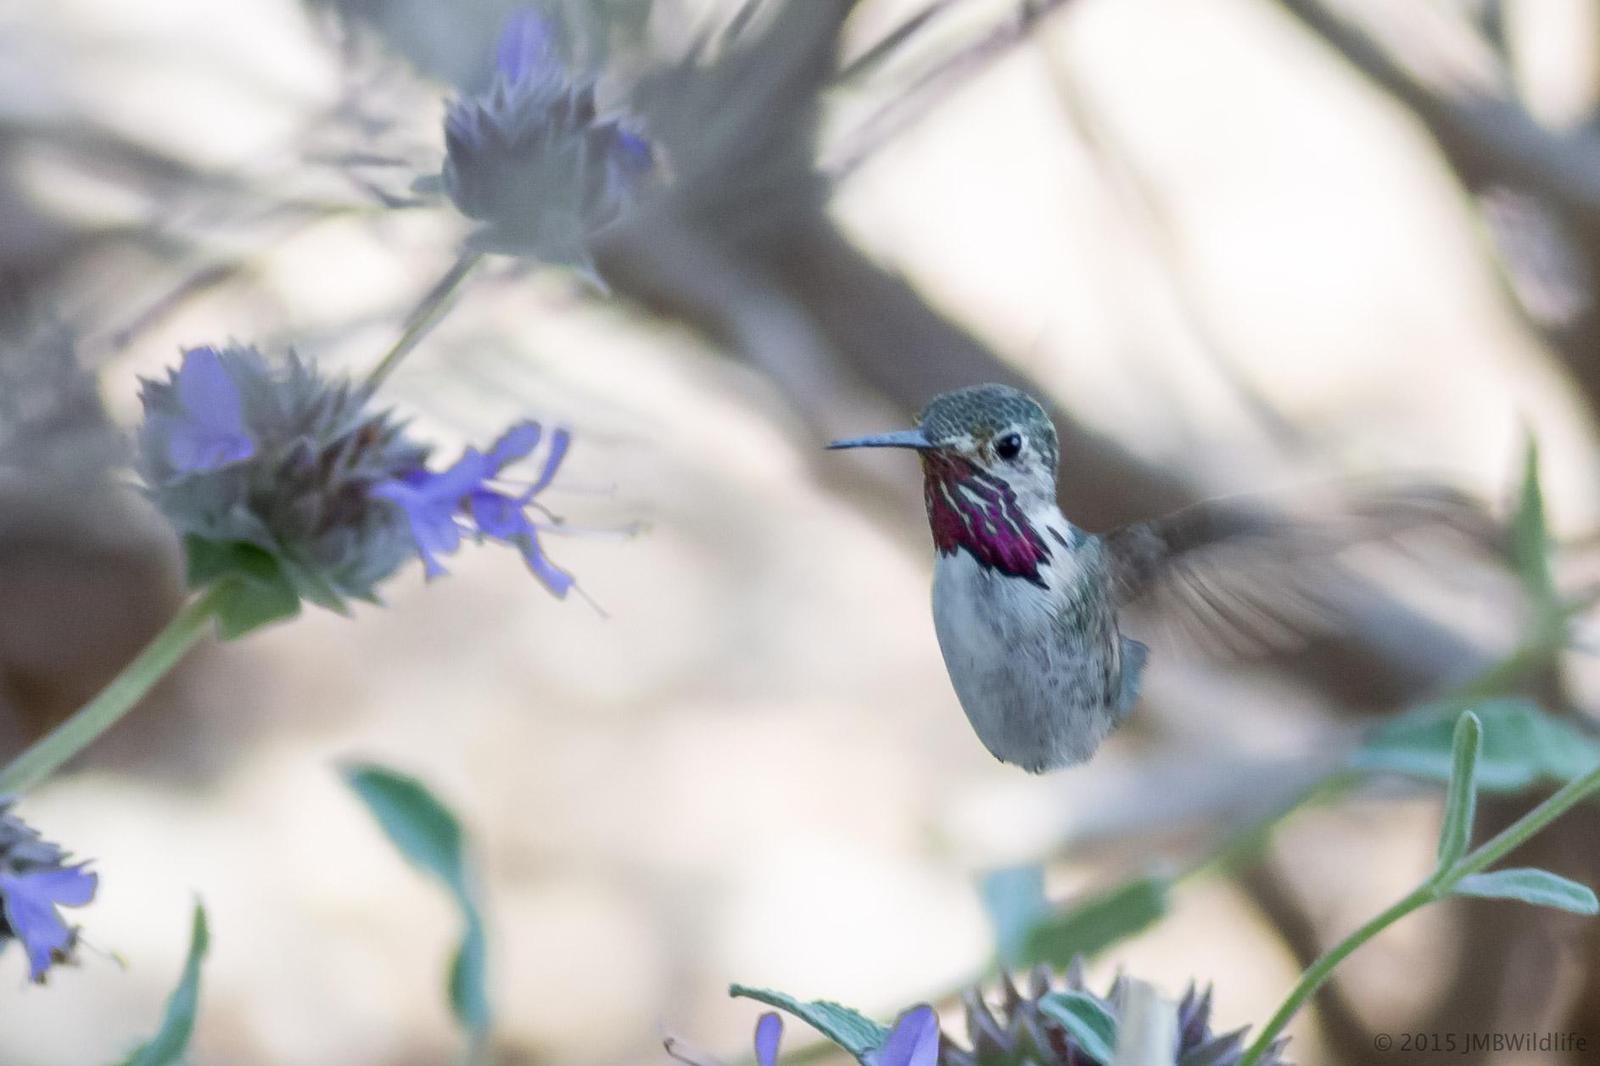 Calliope Hummingbird Photo by Jeff Bray
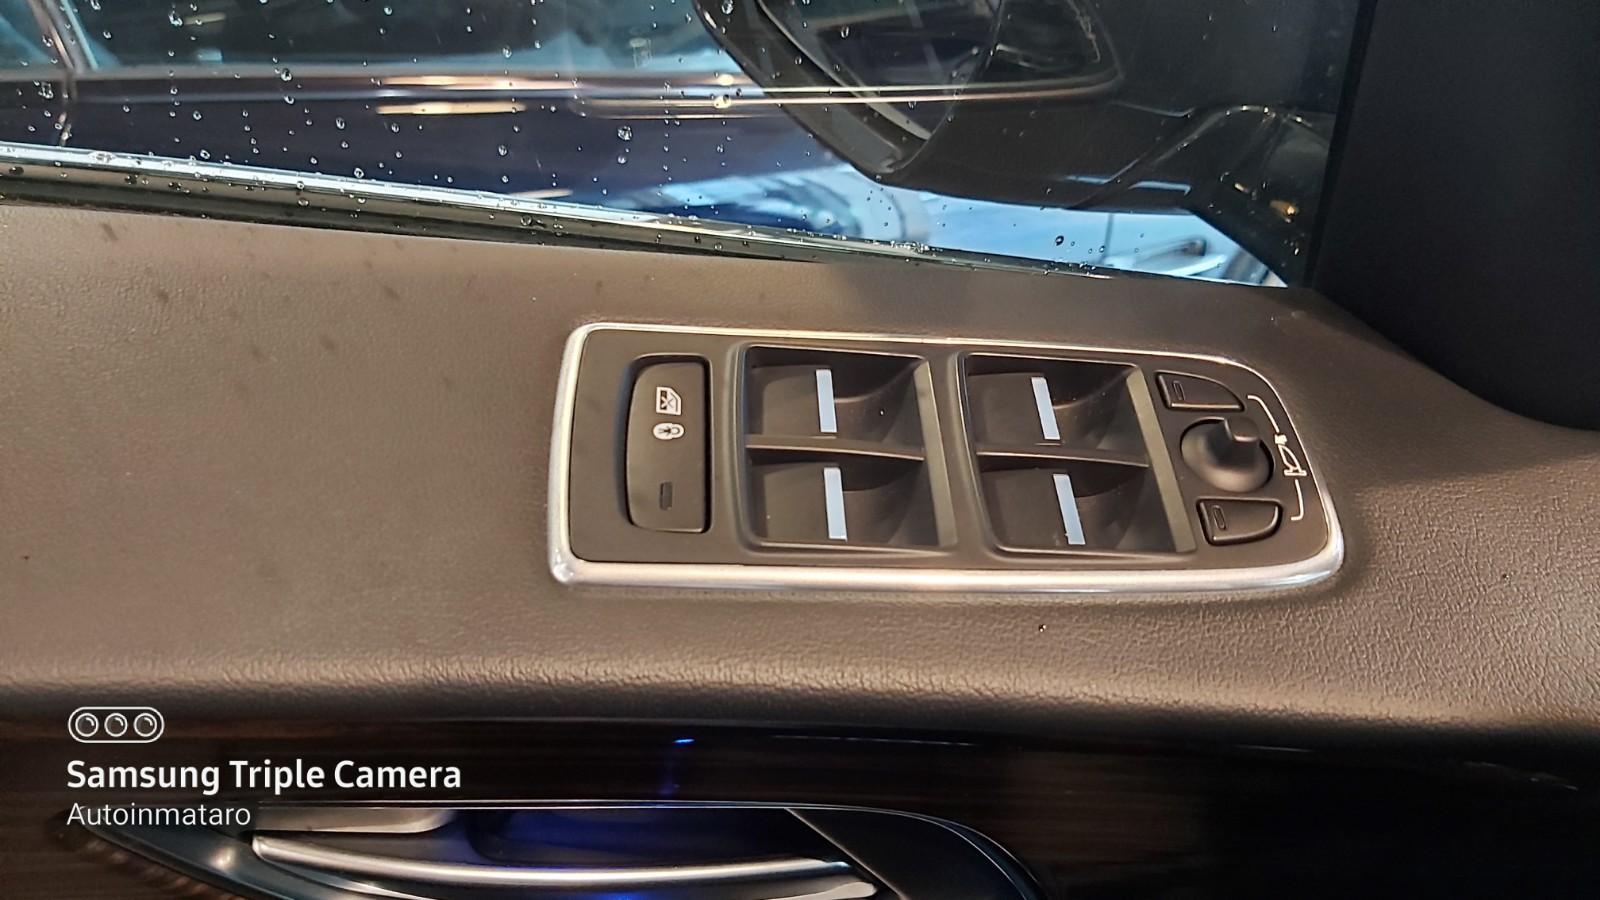 JAGUAR Fpace 3.0L TDV6 AWD Automatico Portfolio
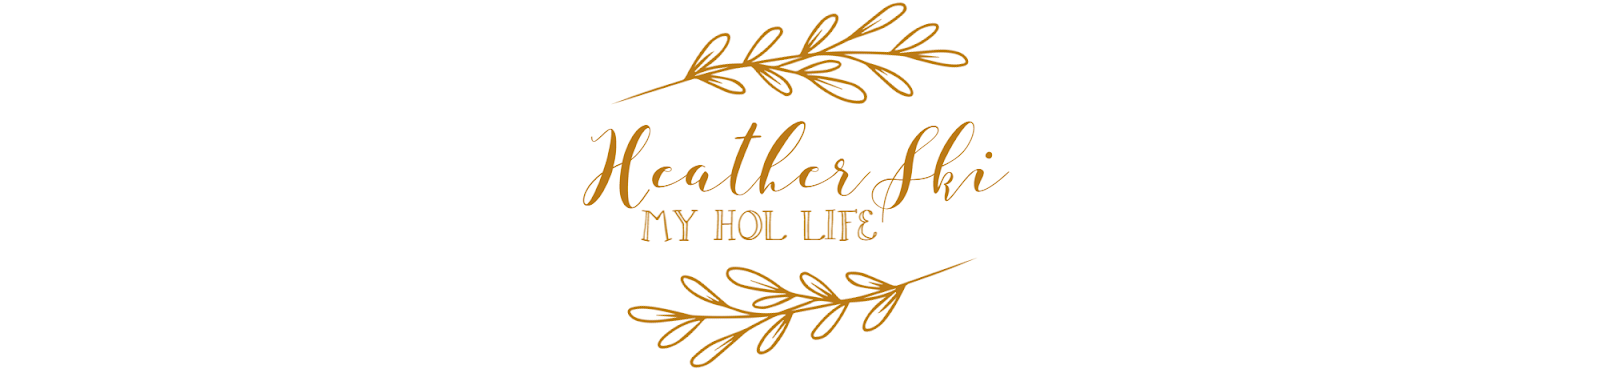 Heather Ski: My Hol Life

::::::

**Exercise goal**
What is needed is an exact copy of every line from the one with "JAGUAR Fpace 3.0L" to the end of the listing above, with the pictures left out.

**Answer section**
 JAGUAR Fpace 3.0L TDV6 AWD Automatico Portfolio
 Heather Ski: My Hol Life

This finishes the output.